Mayor of Tuxtla Gutiérrez
- In office 1951–1952

Member of the Chamber of Deputies
- In office 1952–1955
- Constituency: Chiapas's 3rd district

Member of the Chamber of Deputies
- In office 1958–1961
- Constituency: Chiapas's 1st district

Member of the Senate of Mexico
- In office 1970–1976
- Constituency: Chiapas

Member of the Chamber of Deputies
- In office 1979–1979
- Constituency: Chiapas's 8th district

Governor of Chiapas
- In office 29 November 1979 – 30 November 1982
- Preceded by: Salomón González Blanco

Personal details
- Born: 27 June 1920 Tuxtla Gutiérrez, Chiapas, Mexico
- Died: 2 March 1987 (aged 66) Mexico
- Party: Institutional Revolutionary Party (PRI)

= Juan Sabines Gutiérrez =

Mexican politician (1920–1987)

Juan Sabines Gutiérrez (27 June 1920 – 2 March 1987) was a Mexican politician affiliated with the Institutional Revolutionary Party (PRI). He served in both chambers of Congress and was governor of Chiapas from 1979 to 1982.

==Career==
Juan Sabines Gutiérrez was born in Tuxtla Gutiérrez, Chiapas, in 1920.
He served as that city's mayor in 1951–1952.

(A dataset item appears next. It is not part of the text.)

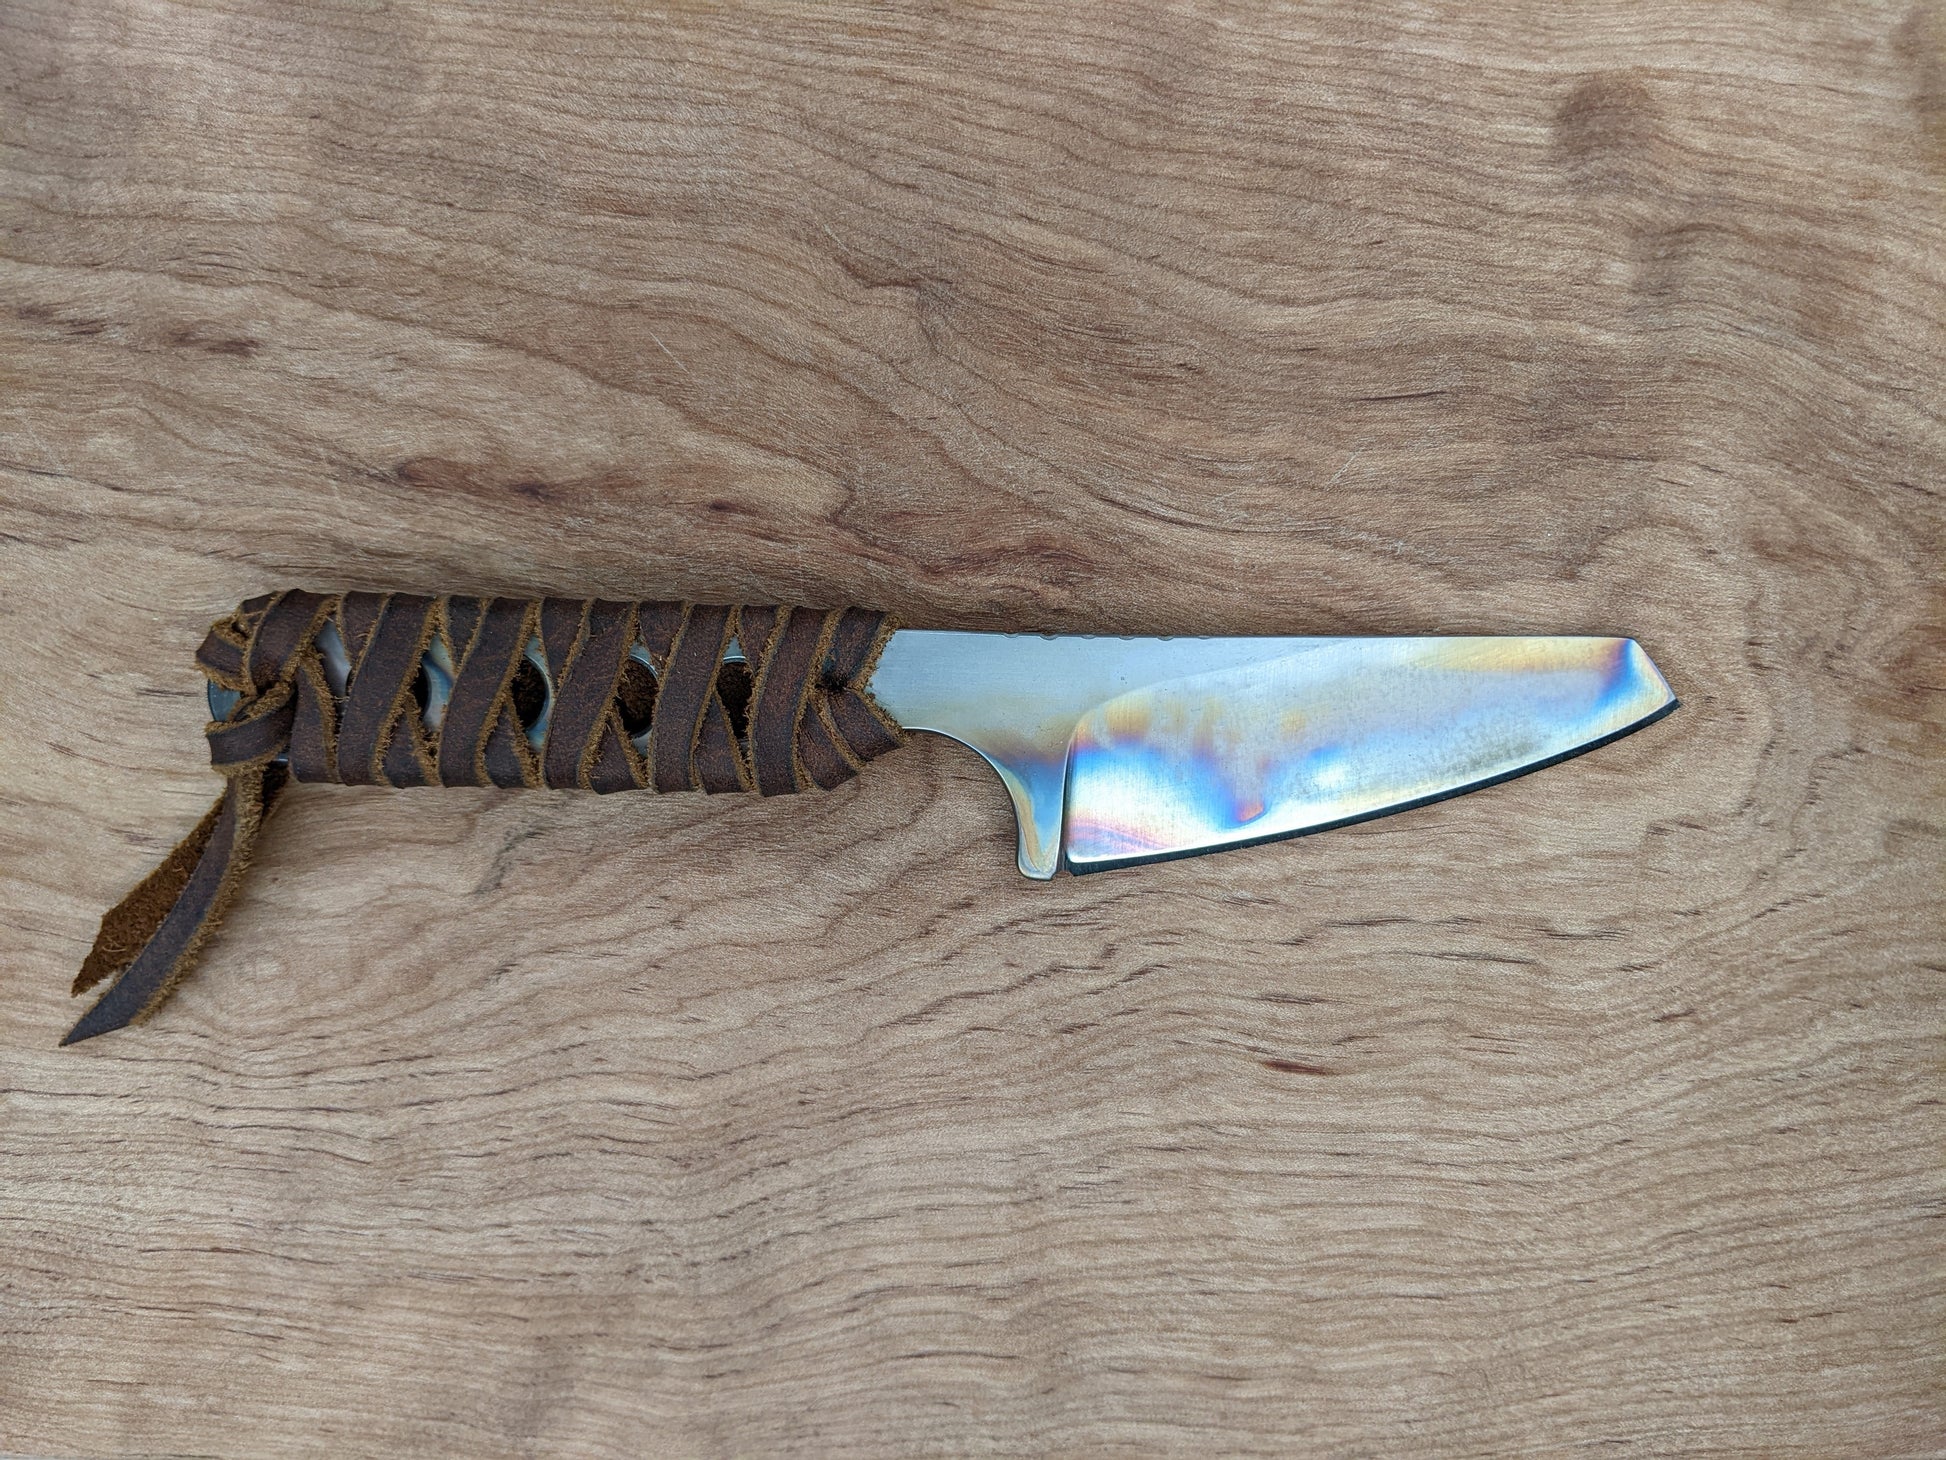 small knife with heat-treating colors and leather wrapped handle on a wooden background
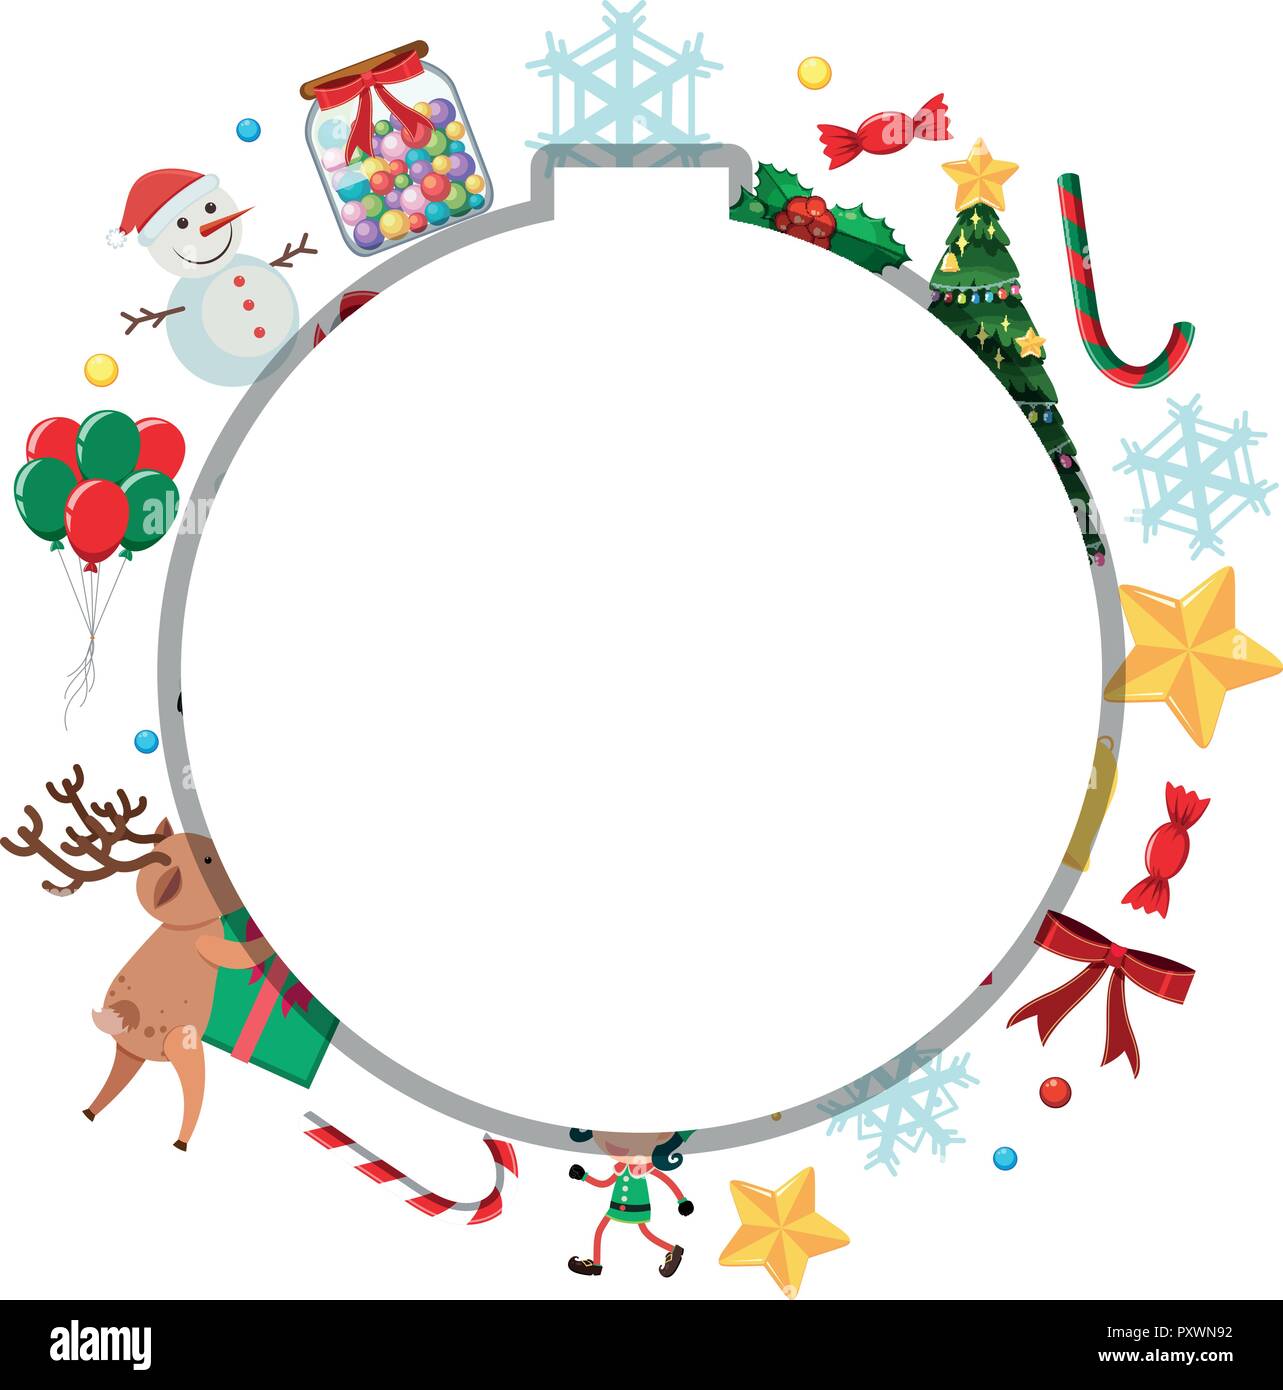 Border template with snowman and reindeer illustration Stock Vector ...

He was elected to the Chamber of Deputies on three occasions:
in 1952, for Chiapas's 3rd district;
in 1958, for Chiapas's 1st district;
and in 1979, for Chiapas's 8th district.

In the 1970 general election, he was elected to the Senate for his home state.

He resigned his 1979 seat in Congress when he was appointed interim governor of Chiapas on 29 November 1979, replacing Salomón González Blanco. He remained in the position until 30 November 1982.

Juan Sabines Gutiérrez died on 2 March 1987, aged 66.

==Family==
Sabines Gutiérrez was the brother of the poet Jaime Sabines. His son, Juan Sabines Guerrero, served as governor of Chiapas in 2006–2012.